Here, we have explored, for the first time, the merits of saliva, to identify the typical profile oral bacteria in stable COPD and to test its association with the disease. We have started by describing differences between groups of healthy and diseased individuals. Next, we queried the association between oral bacteria and COPD, by performing an unsupervised clustering analysis that allowed the stratification of people with COPD according to oral bacteria composition.

Methods

A cross-sectional study was conducted.
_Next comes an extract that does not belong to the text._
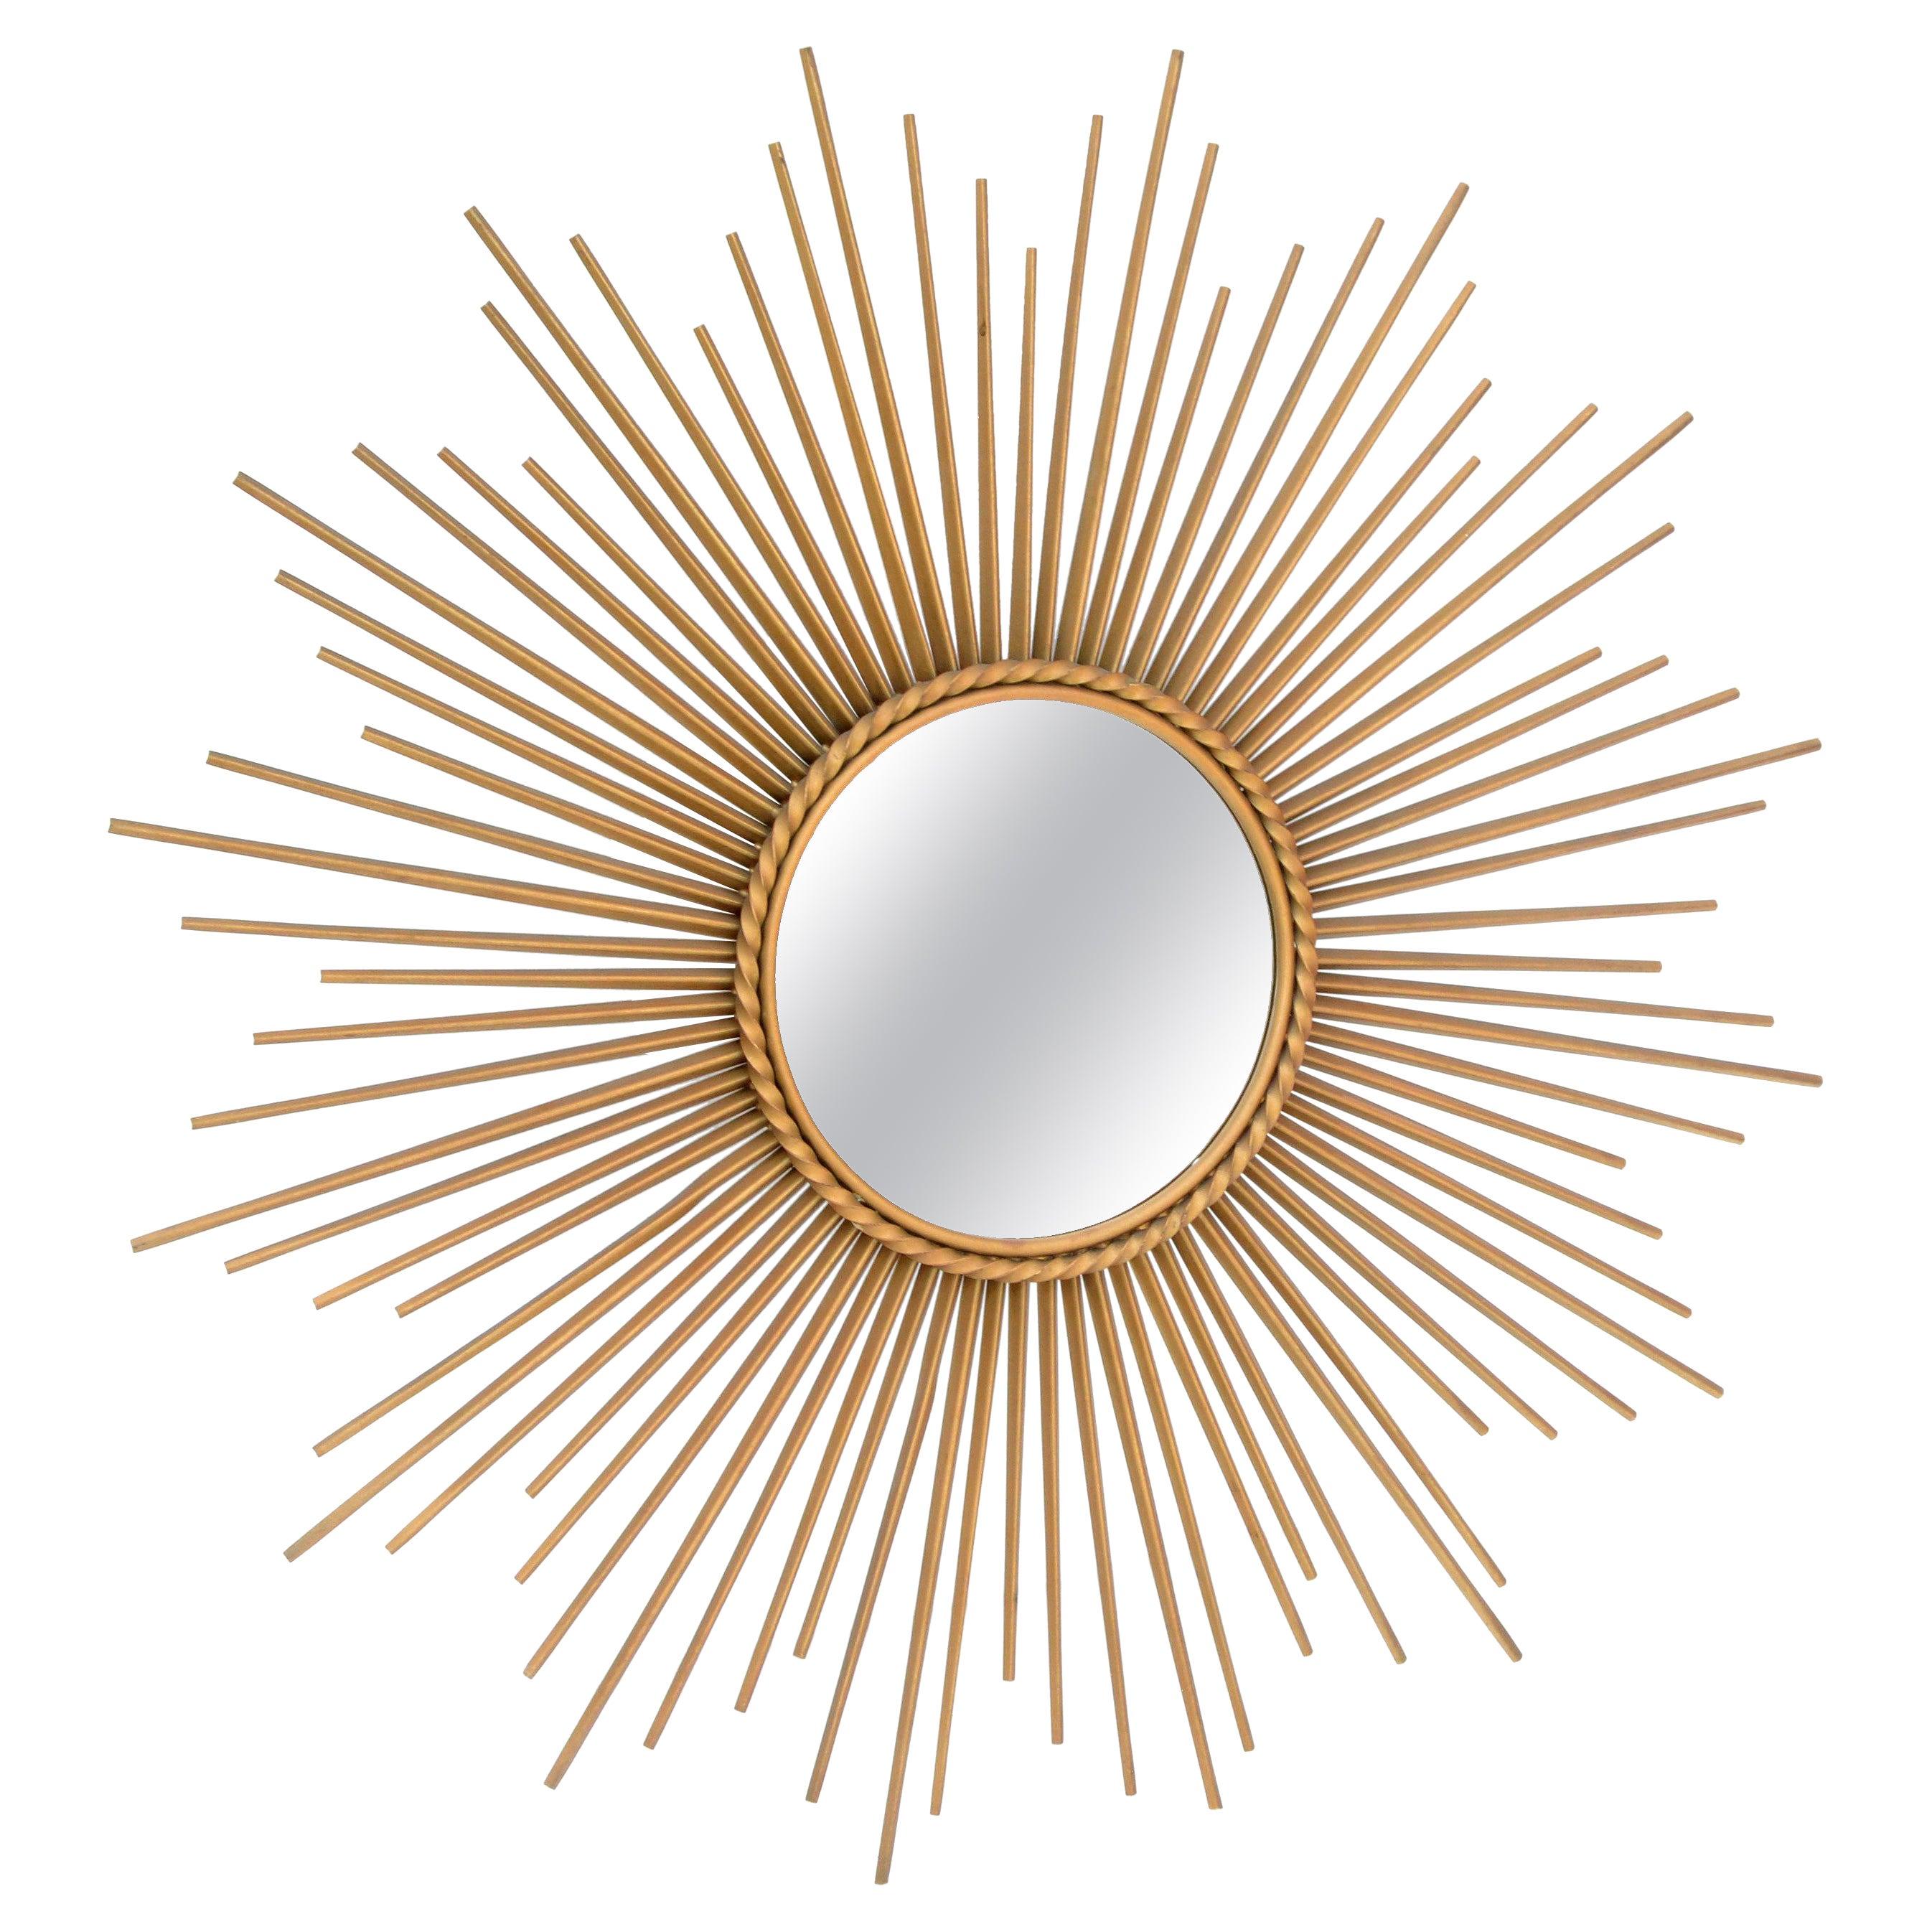 French Chaty Sunburst Mirror Gold Iron Wall Mirror Mid-Century Modern

Ethical approvals were obtained from Administração Regional de Saúde Centro (64/2016) and from Centro Hospitalar do Baixo Vouga (08-03-17). Written informed consent was obtained from all participants. All steps of data collection, processing and analysis were summarized in the Additional  file 2.
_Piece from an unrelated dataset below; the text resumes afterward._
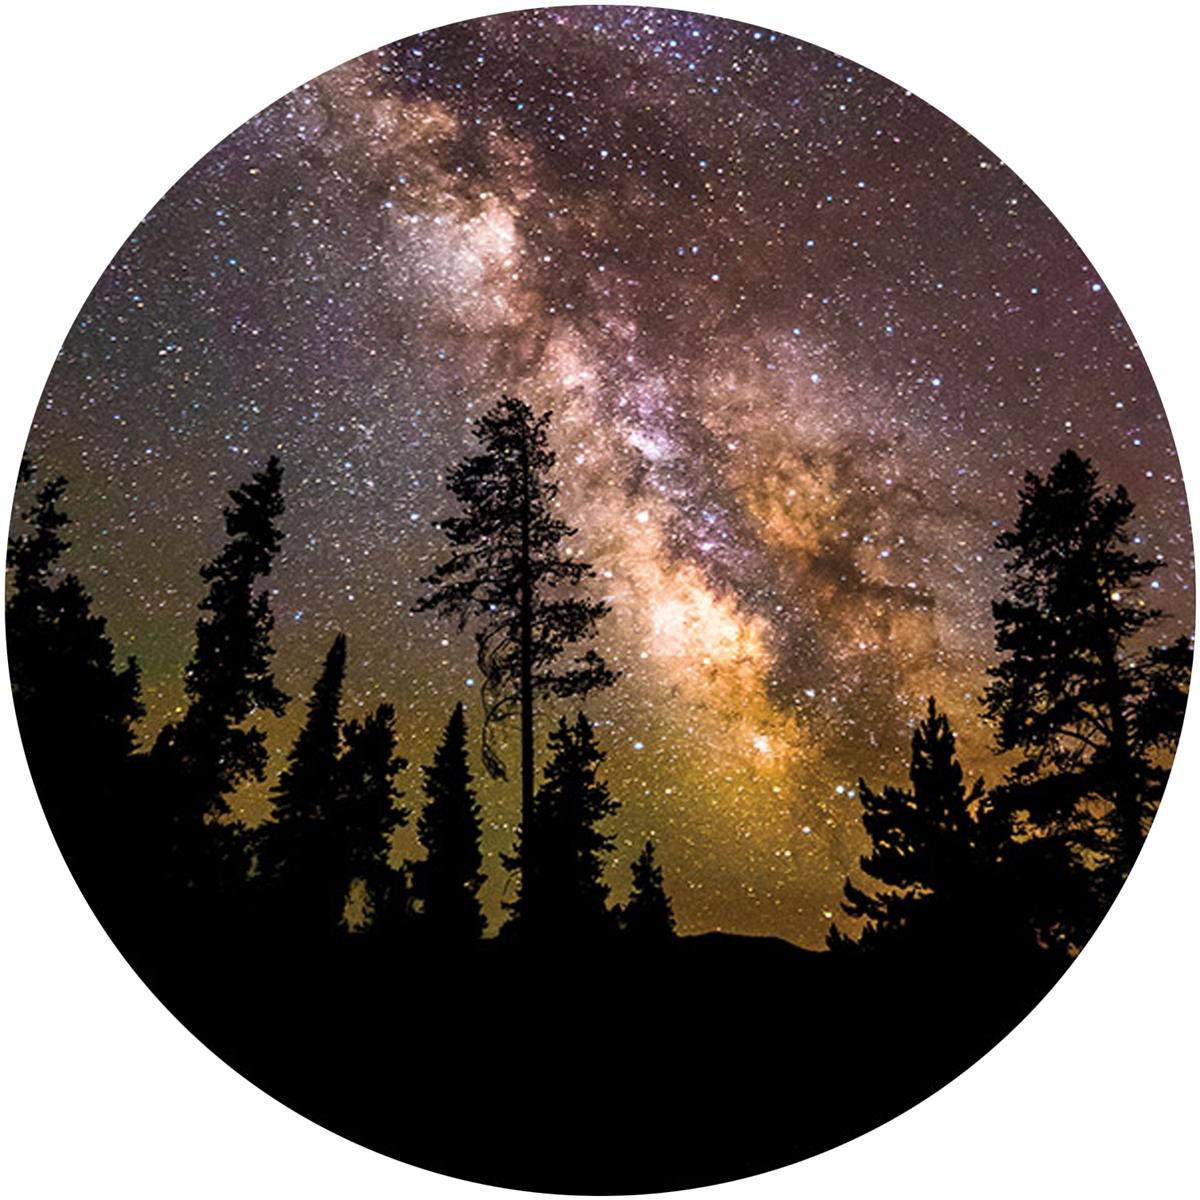 Milky Way Over Trees Envelope Seal

Subjects and sample collection

Participants with COPD and healthy (controls) were identified by physicians at primary health care centres, hospitals, or senior universities. Patients were eligible if (i) diagnosed with COPD according to the Global Initiative for Chronic Obstructive Lung Disease (GOLD) criteria [18], (ii) presented a stable state, with no acute exacerbations in the month prior to enrolment and (iii) were able to give informed consent. Exclusion criteria were (i) presence of severe cardiac, musculoskeletal, or neuromuscular diseases, (ii) cognitive impairment or (iii) active neoplasia or immune diseases. Healthy-individuals were age- and sex-matched to patients with COPD and had similar inclusion and exclusion criteria except for the absence of any respiratory disease. Sociodemographic, anthropometric and clinical data and saliva samples (passive drool) were collected with a structured protocol adapted from the team published work [19]. See Additional file 2 for further details upon data collection. GOLD grades were defined according to FEV1 percentage predicted for each individual. GOLD groups were defined combining the number of exacerbations and hospital admissions of each patient in the year before enrolment with their CAT scores.

DNA extraction

DNA extraction from saliva samples was performed with QIAamp DNA Mini Kit (Qiagen, Hilden, Germany), following the manufacturer’s instructions with slight modifications. DNA quality and quantity was assessed in Denovix DS-11 spectrophotometer. See Additional file 2 for further details.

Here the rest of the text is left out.